De tal forma, a mediados de septiembre la empresa estadounidense Oracle (perteneciente a Larry Ellison que ha expresado su apoyo a Trump) anunciaba que se hacía con Tik Tok para ser su socio tecnológico en los EEUU. Recordemos que esta decisión contraria, precisamente, al laissez faire que pregonan los liberales o capitalistas europeos y estadounidenses venía dada por el gabinete Trump con la excusa de que la empresa china representaba una amenaza a su seguridad. Tal y como pasó con Huwaei no había ninguna prueba, pero como planteé en el anterior artículo: ¿Quién quiere pruebas teniendo en cuenta el historial de mentiras estadounidenses para comenzar guerras?

Precisamente la ONU fue escenario, el pasado día 22 de septiembre, de la tensa relación pública entre ambas potencias. En la asamblea telemática realizada en las Naciones Unidas, Donald Trump, volvió a complicar las relaciones con el gobierno chino al acusarlo de infectar el mundo. La frase que utilizó fue: «En los primeros días del virus, China prohibió los viajes dentro del país mientras permitía que los vuelos abandonaran China e infectaran al mundo».

Curioso el argumento ya que si China dejó que aviones abandonasen el país para infectar el resto de los países hay que recordar que el gobierno estadounidense decidió no aplicar ninguna medida restrictiva hasta que fue tarde para sus ciudadanos. Trump puede incluirse en ese grupo de jefes de Estado que subestimaron la pandemia o simplemente, a pesar de las muertes provocadas, no tomó ninguna medida para atajarla lo más pronto posible.
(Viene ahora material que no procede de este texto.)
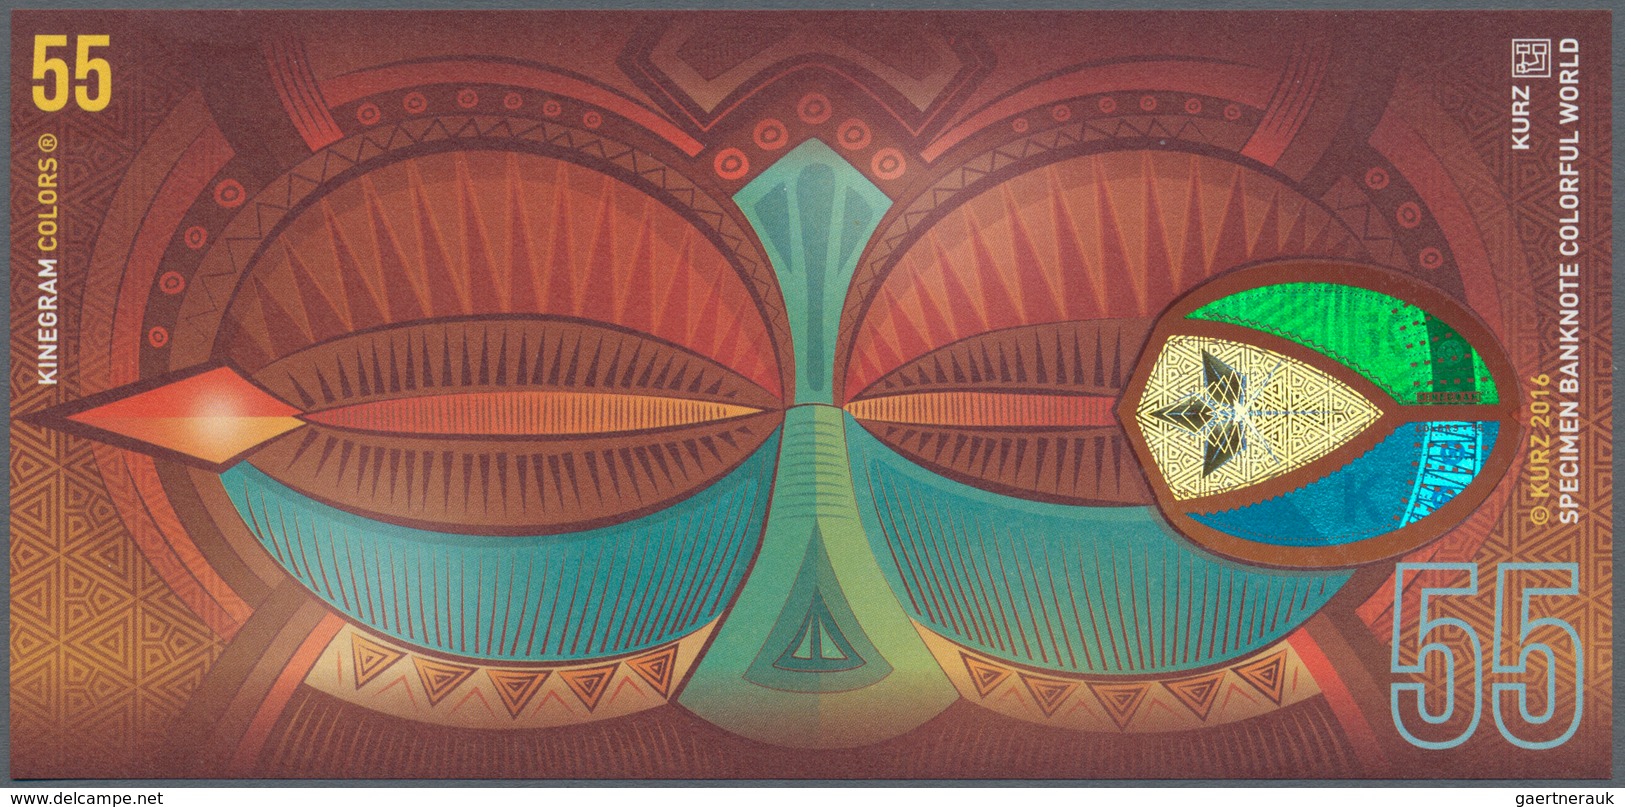 Testbanknoten: Test Note Leonhard Kurz, African Style Design With "Kinegram Colors" In Oval Form At - Specimen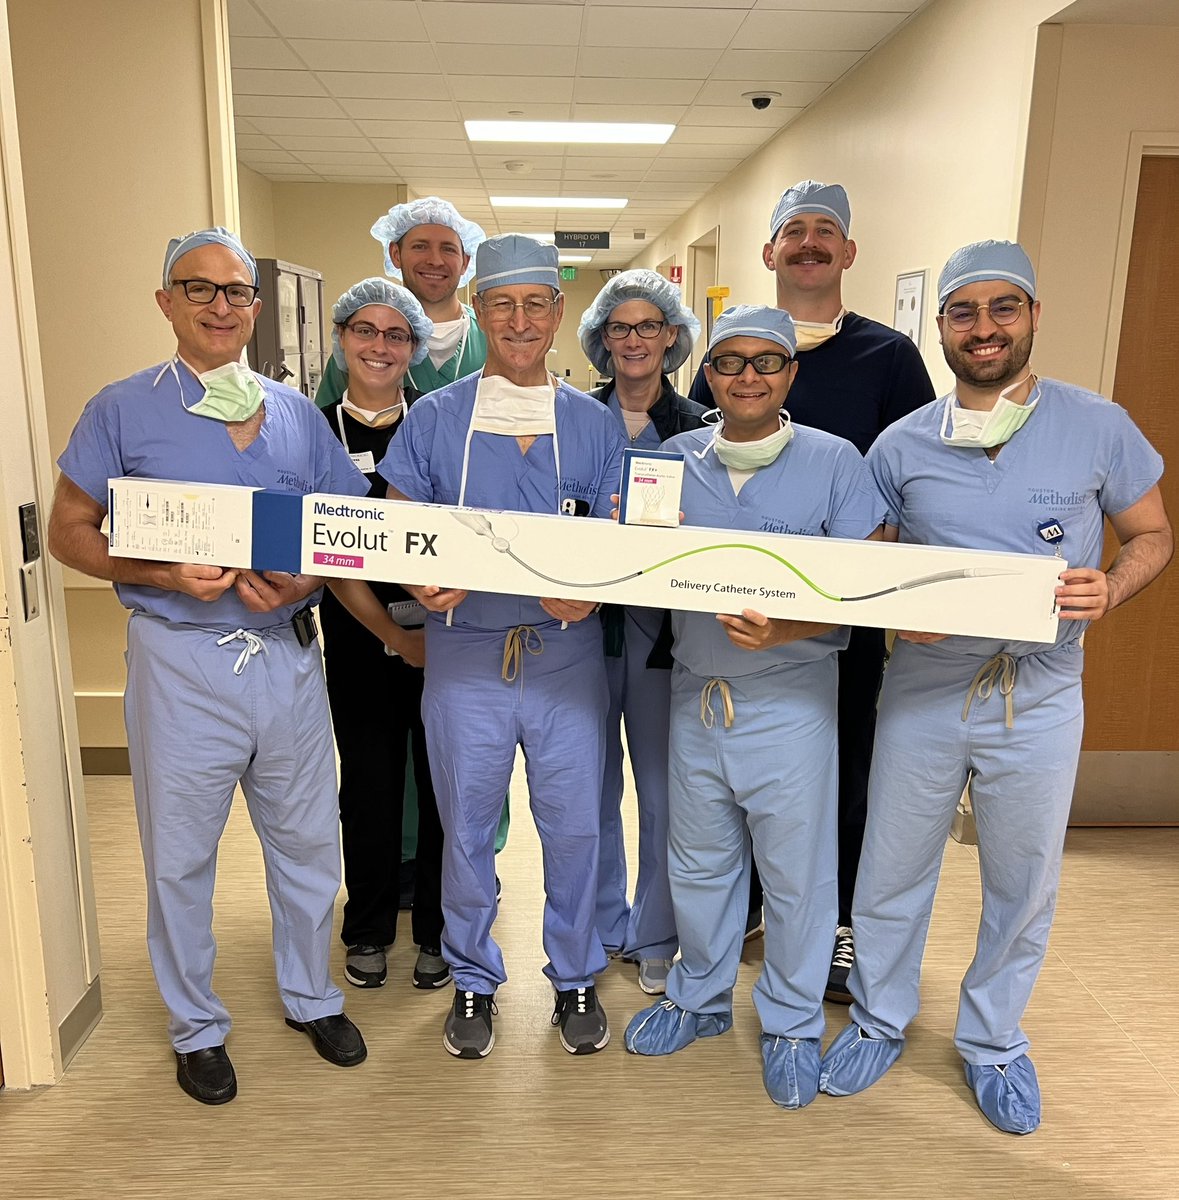 Our team performed one of the first TAVRs using the new Evolut FX + system this morning @SachinGoelMD @MReardon19 and Neal Kleiman @HMethodistCV @WilliamZoghbi @NadeenFaza @SLittleMD #Cardiology #CardioTwitter

En su intervención en la ONU, Trump aprovechó para volver a acusar a la Organización Mundial del Comercio (OMS) de estar controlada por el gobierno asiático y terminó solicitando a las Naciones Unidas medidas contra China para que rinda cuentas por sus actos. Uno no sabe si reír o llorar. Si EEUU tuviese que rendir cuentas por las acciones a nivel internacional que lleva a cabo y terminan repercutiendo negativamente al resto de países del mundo, no terminarían de declarar hasta 2050. Aún estamos esperando que rindan cuentas del engaño de las armas de destrucción masivas que supuestamente tenía el gobierno de Sadam Husein.

No pudo haber respuesta de Xi Jinping en esa asamblea ya que el vídeo estaba grabado previamente. Sin embargo, frente al discurso unilateral estadounidense, el presidente chino planteó el multilateralismo como solución a los problemas globales indicando que «ningún país tiene el derecho de decidir por sí solo los asuntos internacionales, dominar el destino de otros, ni monopolizar las ventajas de desarrollo (…) Menos aún se le debe permitir actuar a su antojo en el plano internacional, jactándose de su hegemonía, matonería y prepotencia». Un mensaje claro al gabinete Trump.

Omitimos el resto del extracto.